Neighborhood factors such as green spaces, clean air, jobs, well-resourced schools, and affordable housing can influence our well-being. Studies show that people living in areas lacking these opportunities have a higher risk of chronic disease and shorter life expectancies, but less is known about the impact on health and aging at a cellular level.

As cells age, they stop dividing but remain metabolically active and secrete substances that fuel inflammation. These cellular changes are connected to frailty and aging-related diseases. Measures of cellular senescence—an indicator of biological aging—include: CDKN2A RNA abundance, which is involved in halting cell division; DNA damage response, reflecting genomic instability; and senescence-associated secretory phenotypes, which activate inflammatory pathways.

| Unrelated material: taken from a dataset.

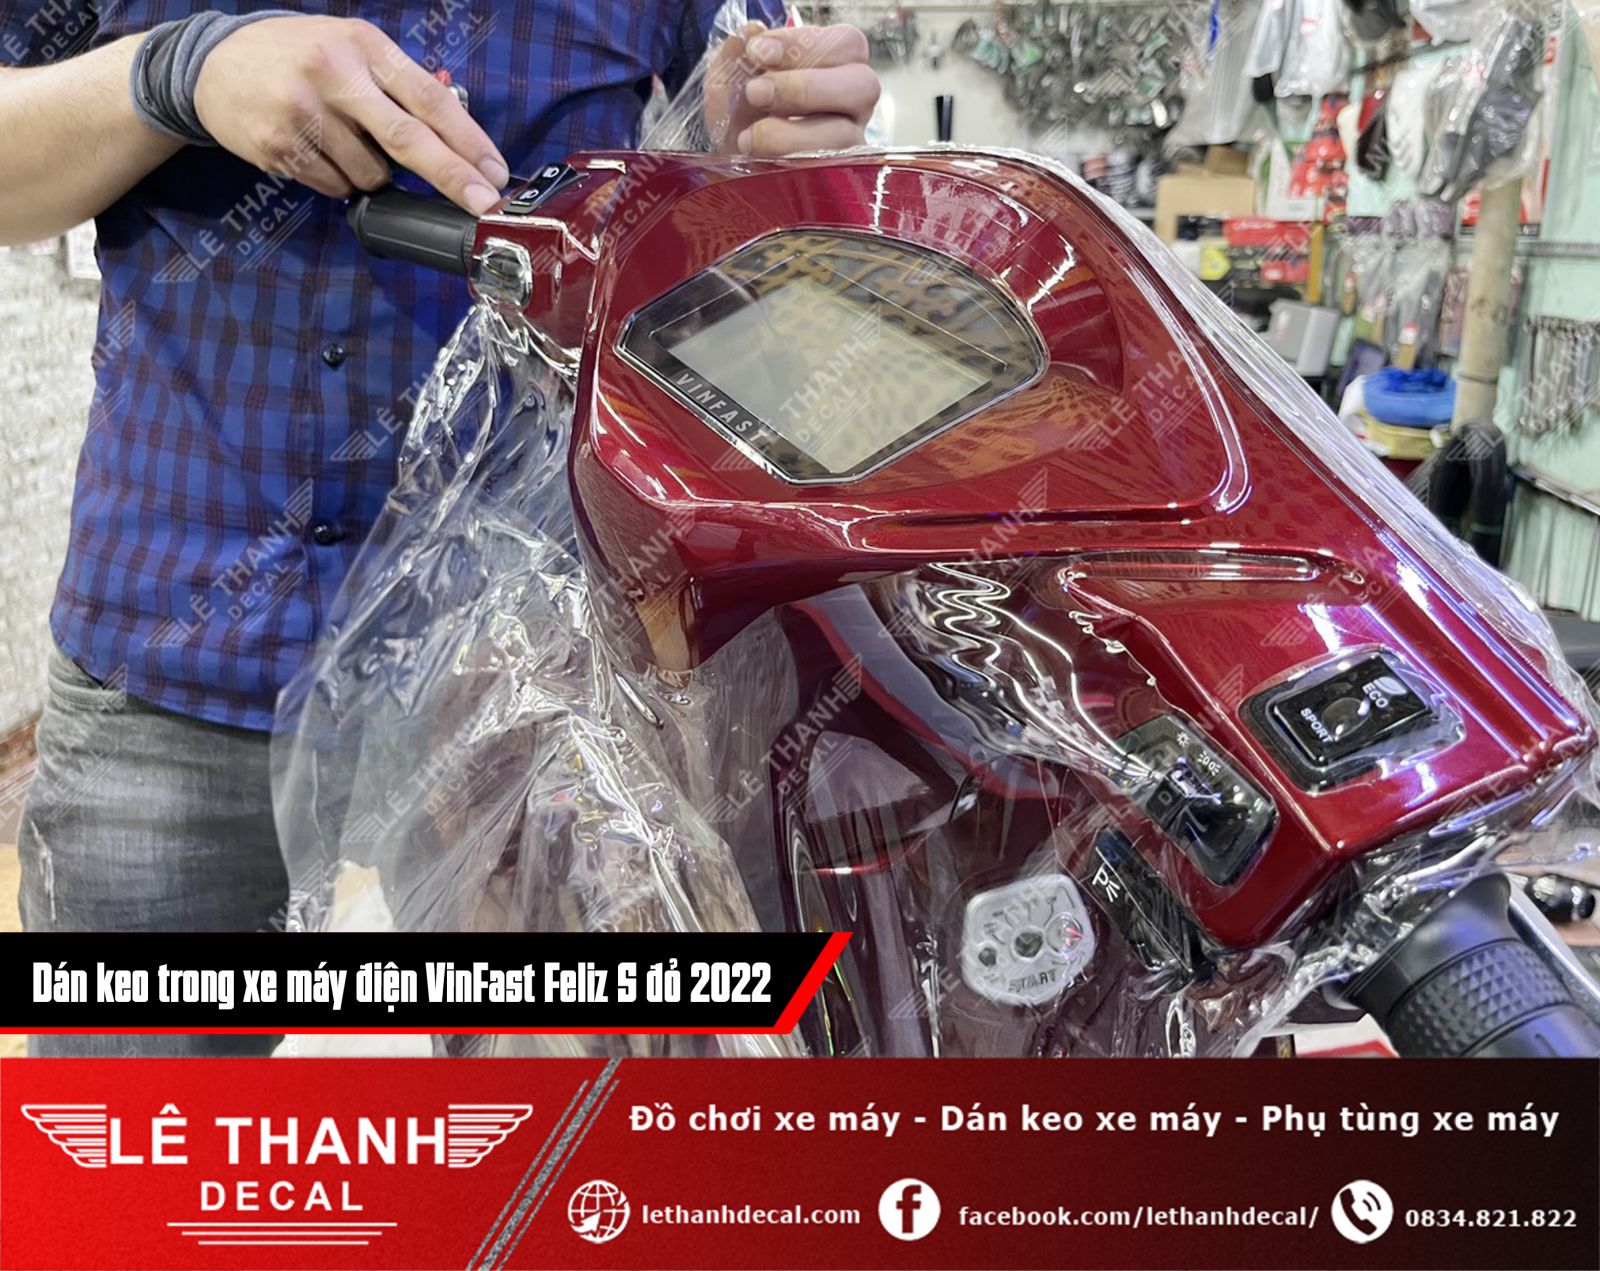 dán keo trong xe máy điện VinFast Feliz S 2022 đỏ

To understand the connection between neighborhood factors and cellular aging, the researchers analyzed data from 1,215 American adults in the Midlife in the United States (MIDUS) study, including blood samples measuring four molecular markers of cellular aging. They also assessed neighborhood opportunity based on a participant’s census tract using the Childhood Opportunity Index 3, which calculates 44 location-specific measures of education (e.g., test scores and graduation rates), health and environment (e.g., air and water quality, walkability, and health insurance coverage), and social and economic resources (e.g., employment, homeownership, and income).

The researchers found that people living in low-opportunity neighborhoods had significantly elevated CDKN2A RNA, even after accounting for other socioeconomic, health, and lifestyle factors. The association between neighborhood opportunity and CDKN2A expression was strongest for social and economic factors, meaning that cellular senescence may be driven by a neighborhood’s lower social and economic opportunity rather than by a lack of education, health, or environmental factors.

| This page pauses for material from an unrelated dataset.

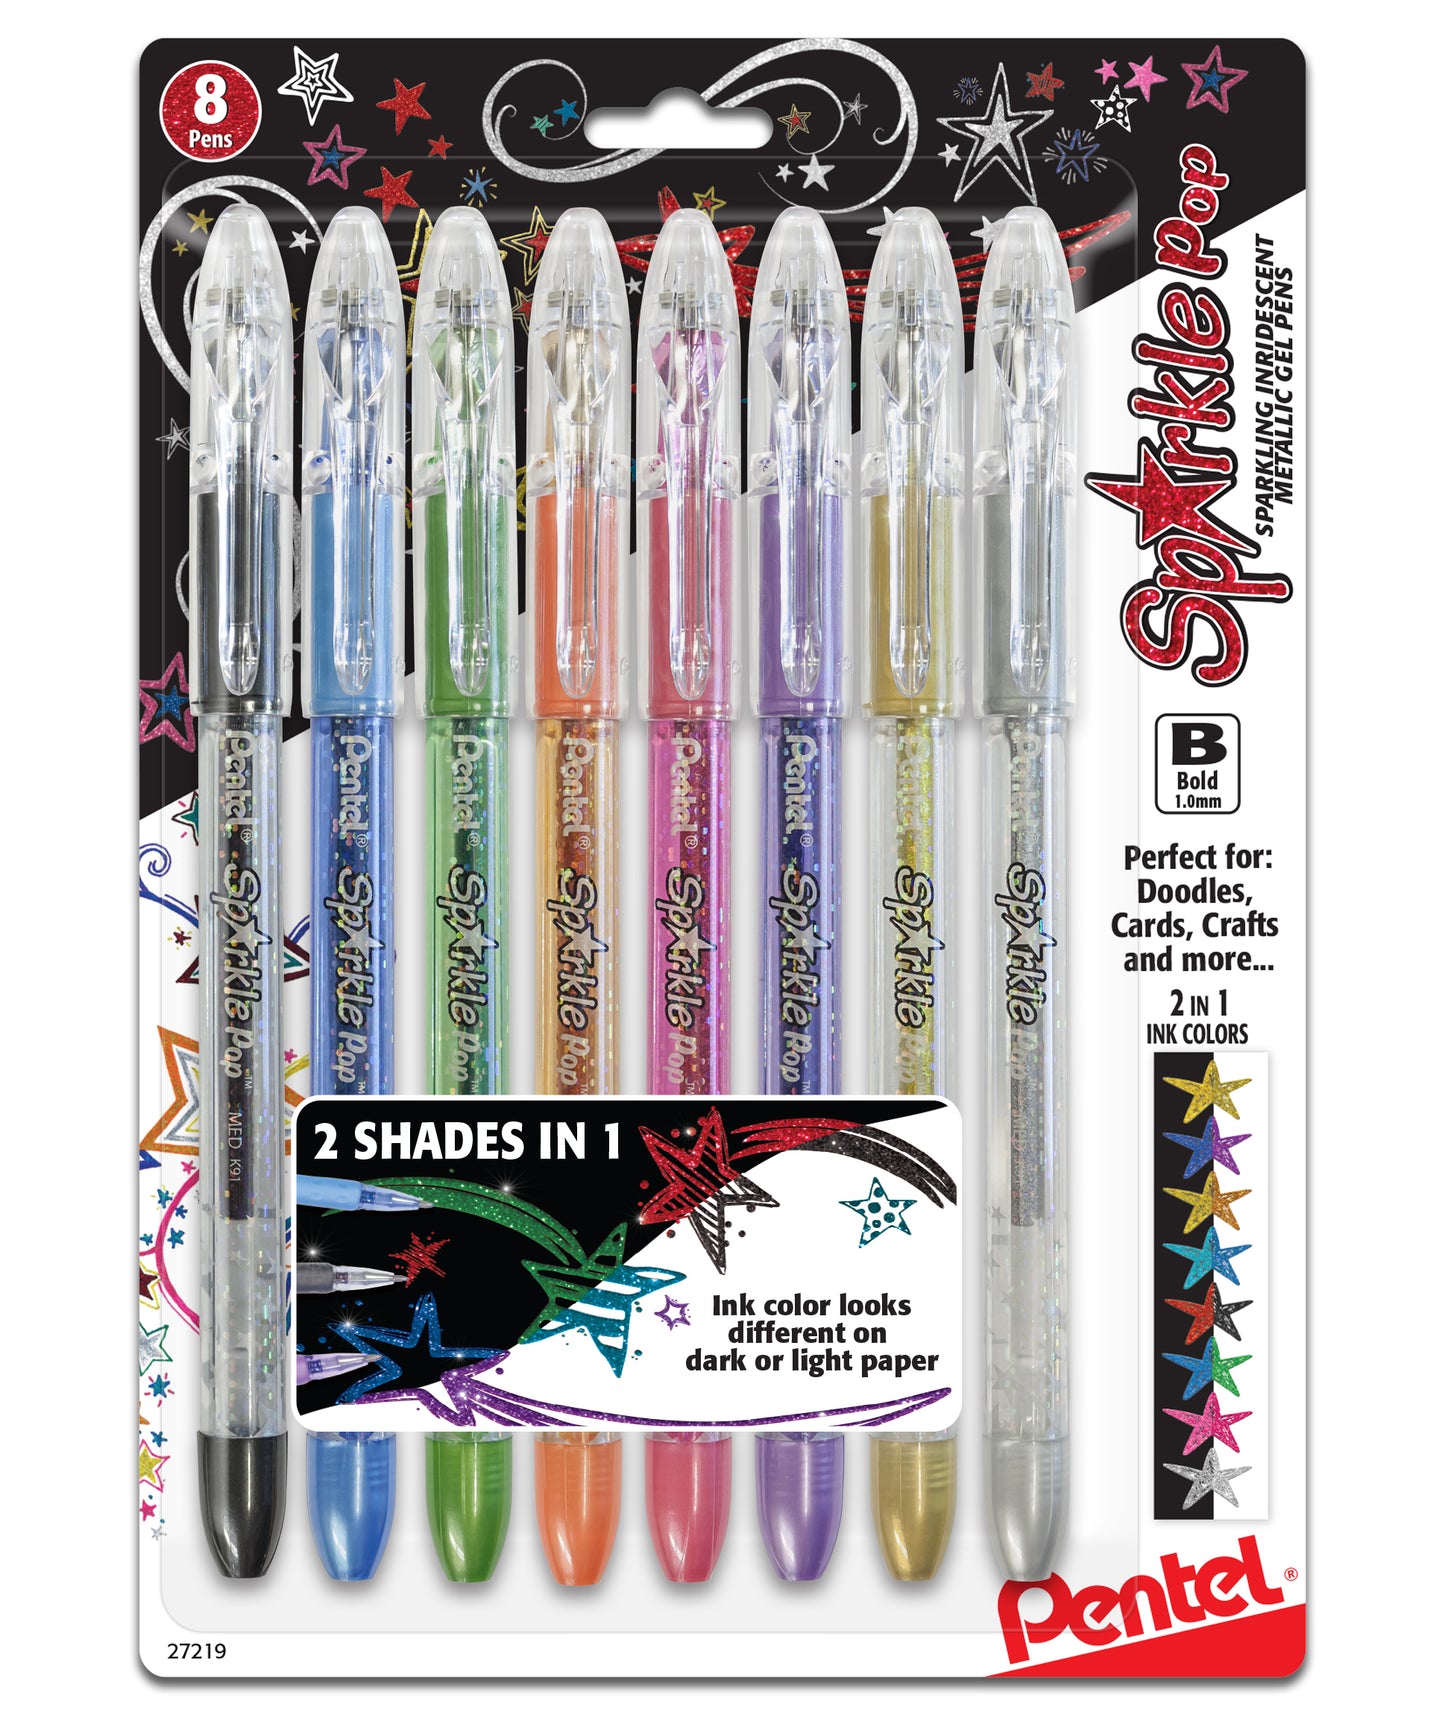 Sparkly Pens

“Stressors related to income, jobs, and housing are not occasional, but persistent conditions that shape daily life,” says Adolfo Cuevas, associate professor of social and behavioral sciences at NYU School of Global Public Health and the study’s senior author.

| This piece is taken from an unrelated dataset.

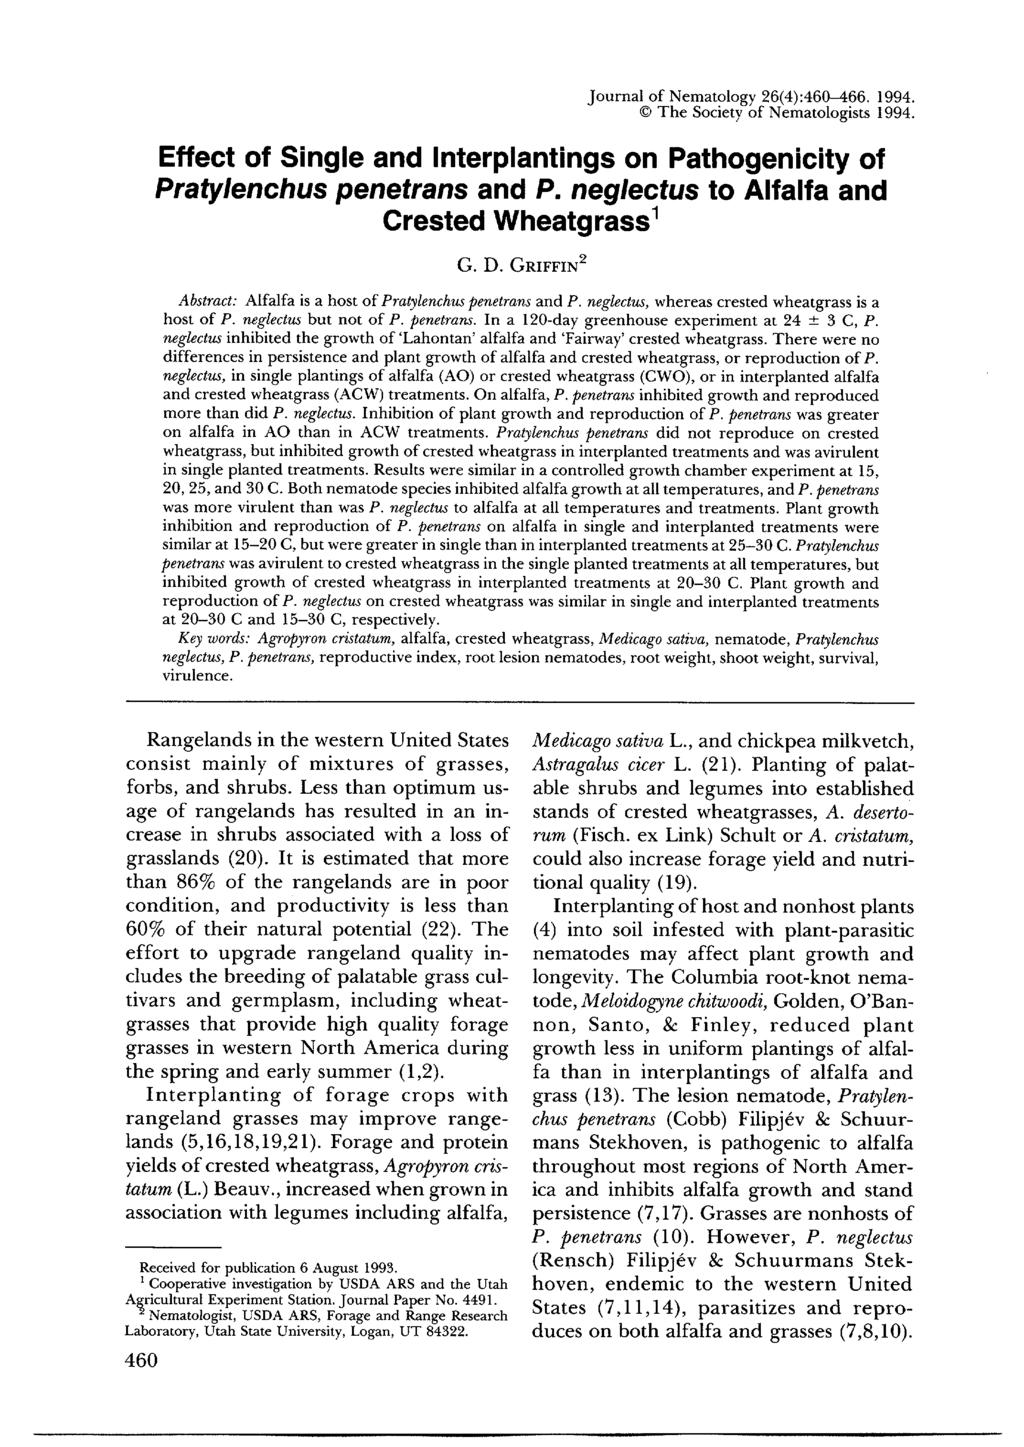 Journal of Nematology 26(4):46-466. 1994. The Society of Nematologists 1994. Effect of Single and Interplantings on Pathogenicity of Pratylenchus penetrans and P.

“Our findings suggest that chronic stress caused by economic deprivation and limited mobility may be the primary driver of cellular aging.”

The researchers hope that future studies will hone in on community-related factors that could buffer against health risks and continue to examine how neighborhood conditions influence aging over time, which could help pinpoint critical windows of exposure.

However, they note that many environmental factors that influence health are structural—”not things we can fix as individuals, but rather, what we should be addressing as a society,” noted Rodrigues.

“Improving neighborhood conditions, particularly social and economic resources, may be important for promoting healthy aging and reducing health disparities, but if we really want to address health disparities and improve health for everyone, it’s important to consider what needs to be changed at the structural level,” says Rodrigues.

Additional study authors are from the NYU School of Global Public Health as well as the University of California, Los Angeles.

Support for this work came from the National Institute of Diabetes and Digestive and Kidney Diseases.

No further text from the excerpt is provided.